The Supreme Court can’t avoid ruling on this issue. For a variety of reasons, it will be inclined to keep Trump on the ballot, but it will do what it can to avoid looking partisan. It has several different rationales that can be used to justify its decision. What one will it choose?
Here they are, with my analysis:
- THE AMENDMENT DOESN’T APPLY TO PRESIDENTS, SINCE THE OFFICE OF PRESIDENT IS NOT LISTED IN THE TEXT: This approach makes no logical sense, and it gives the most dangerous man in America–the commander of the armed forces–the legal right to engage in insurrection.

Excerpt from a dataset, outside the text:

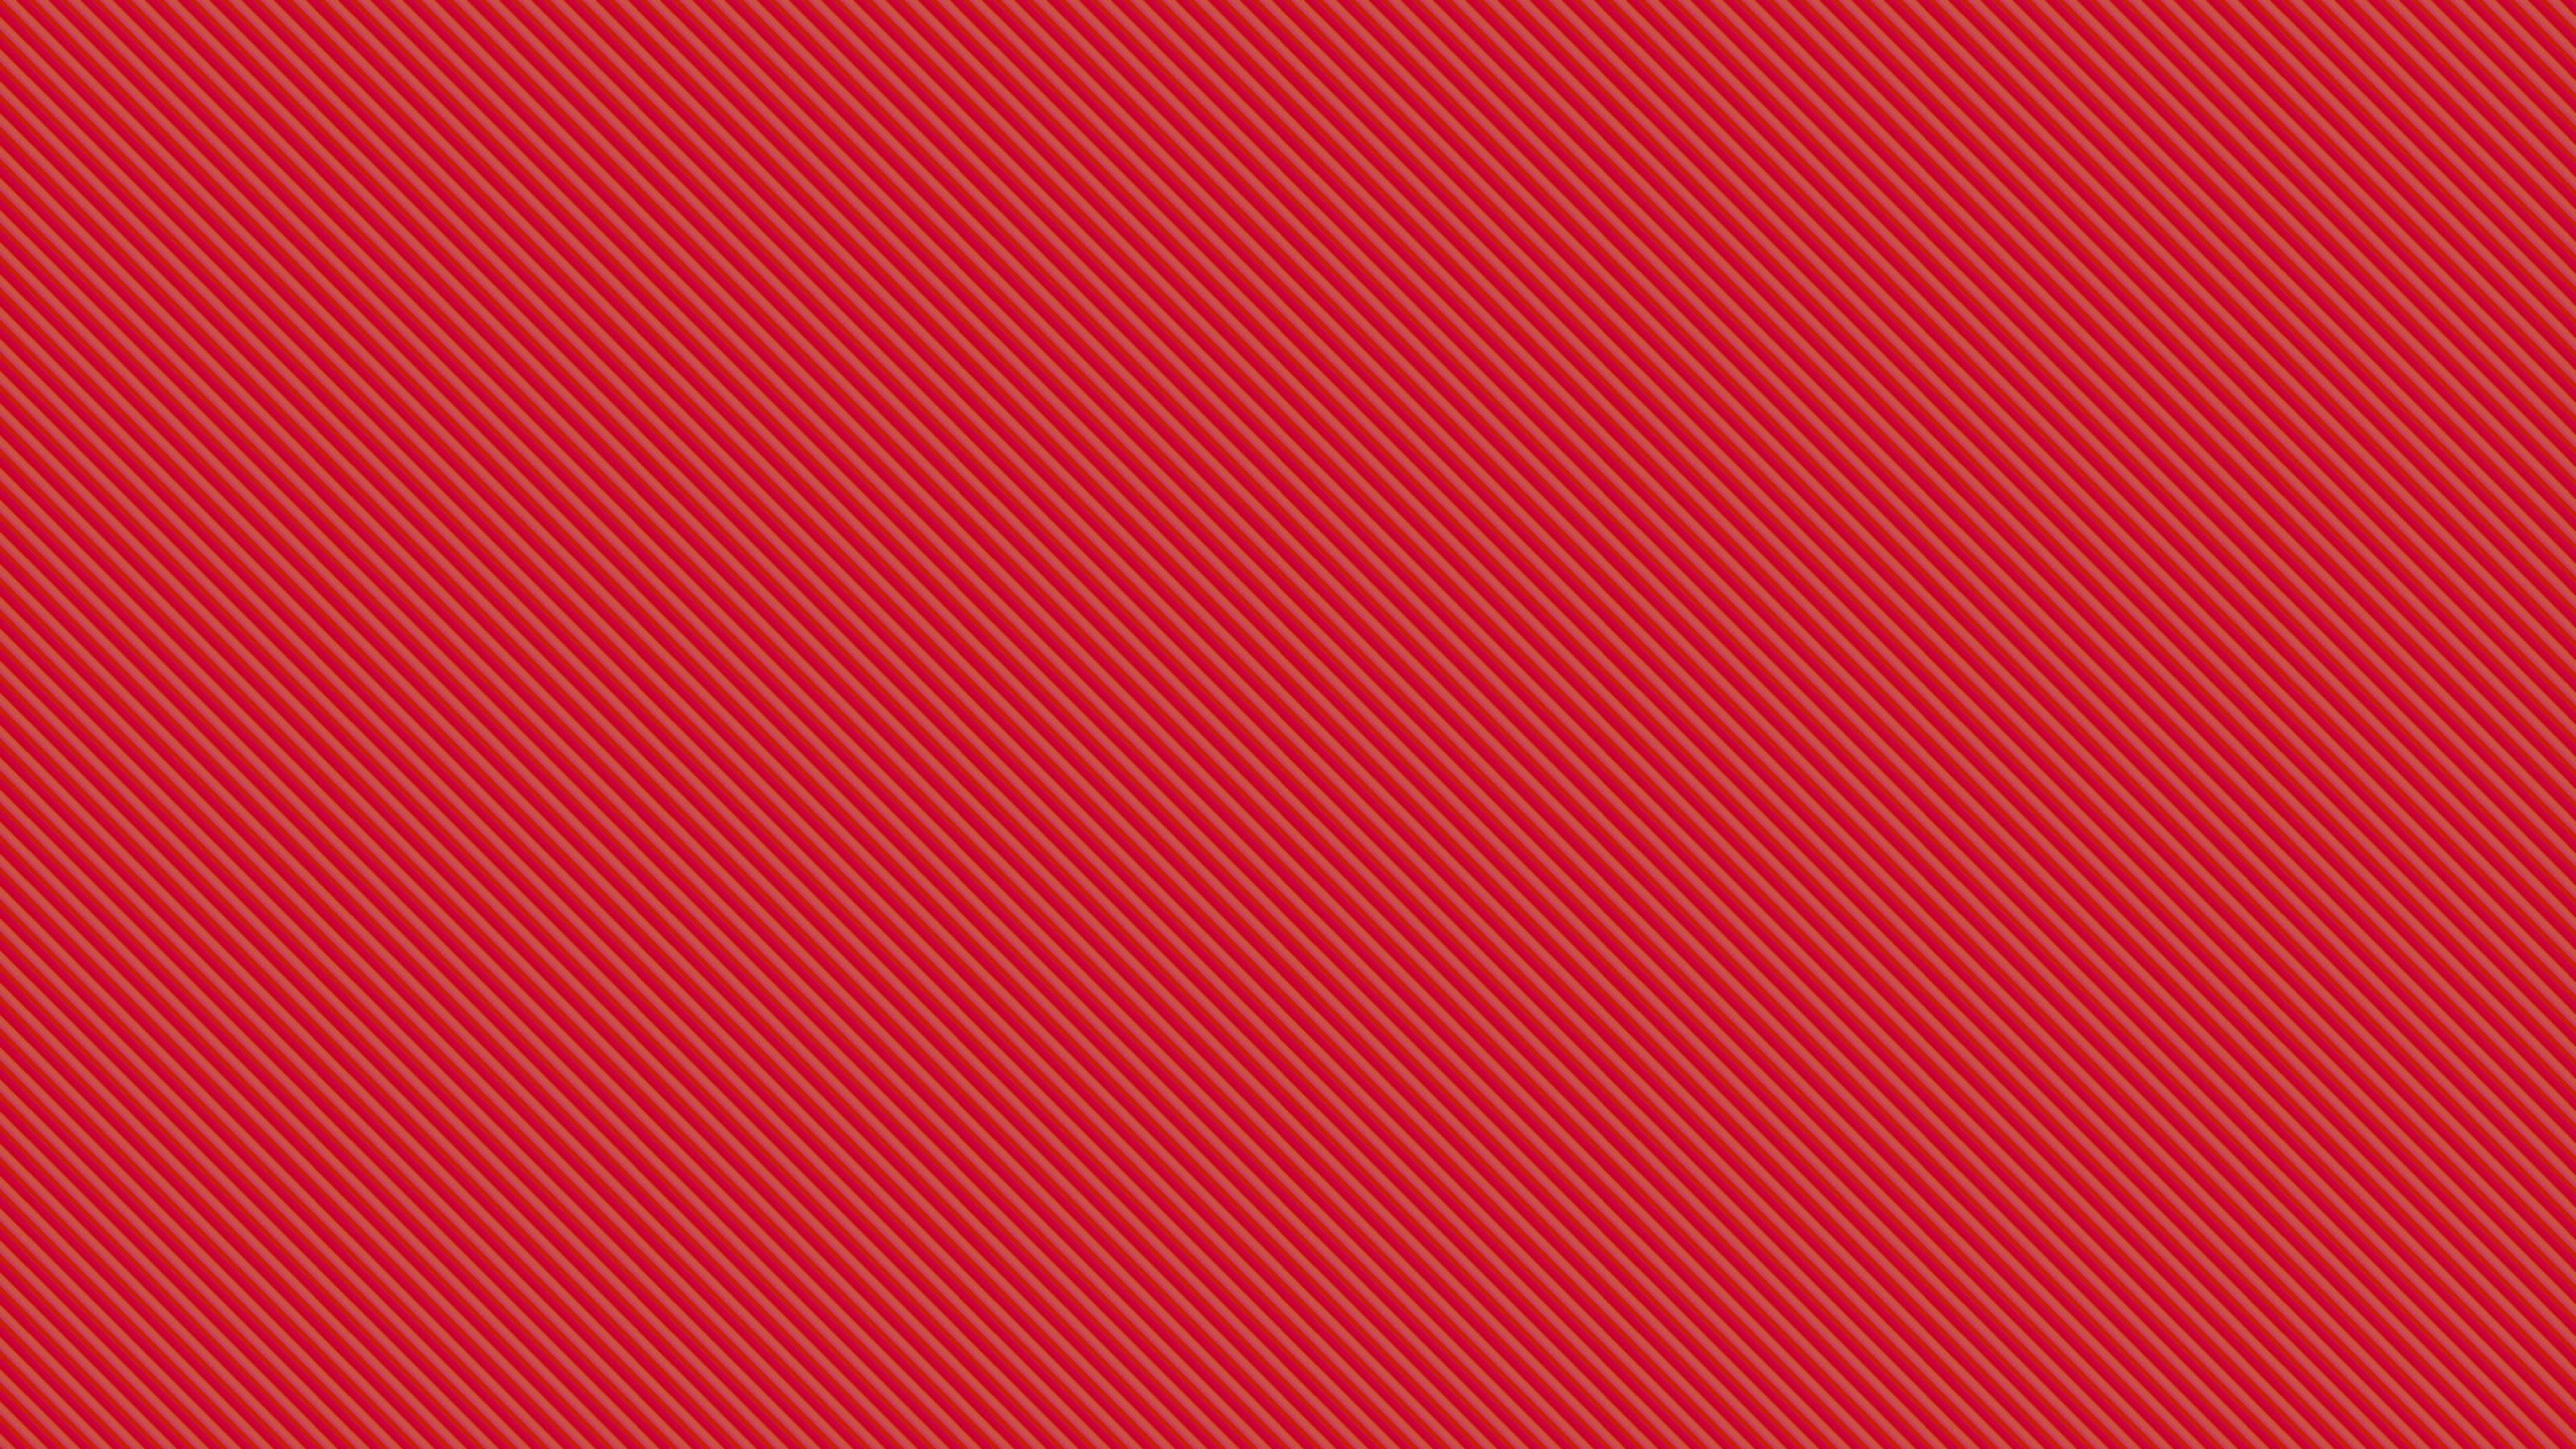 Red and White Striped Textile. Wallpaper in 3840x2160 Resolution

- THE ISSUE IS PREMATURE AT THIS STAGE IN THE PROCESS: There is a good legal argument to that effect, but it only prolongs the agony unless Trump is somehow defeated in the primaries. We need an answer as soon as possible.
- THE RECORD DEFINITIVELY SHOWS THAT TRUMP BEARS NO LEGAL RESPONSIBILITY FOR JANUARY 6: A ruling of this nature would fly in the face of the evidence and compromise the ongoing criminal cases. The Court won’t want to do that.
- JANUARY 6 WAS NOT AN “INSURRECTION” WITHIN THE MEANING OF THE FOURTEENTH AMENDMENT BECAUSE THE EVENT IN QUESTION HAS TO INVOLVE A HIGHER LEVEL OF VIOLENCE IN MORE PLACES: Commentators since January 6 have struggled to decide whether the event was an “insurrection” or just a “riot.” While a decision of this nature would seem to give Trump and his successors a get out of jail free card for small scale events, this case can always be distinguished from future cases on its facts.
In short, I would vote for Option #4 as the best avenue of damage control. Will the Court? We’ll see.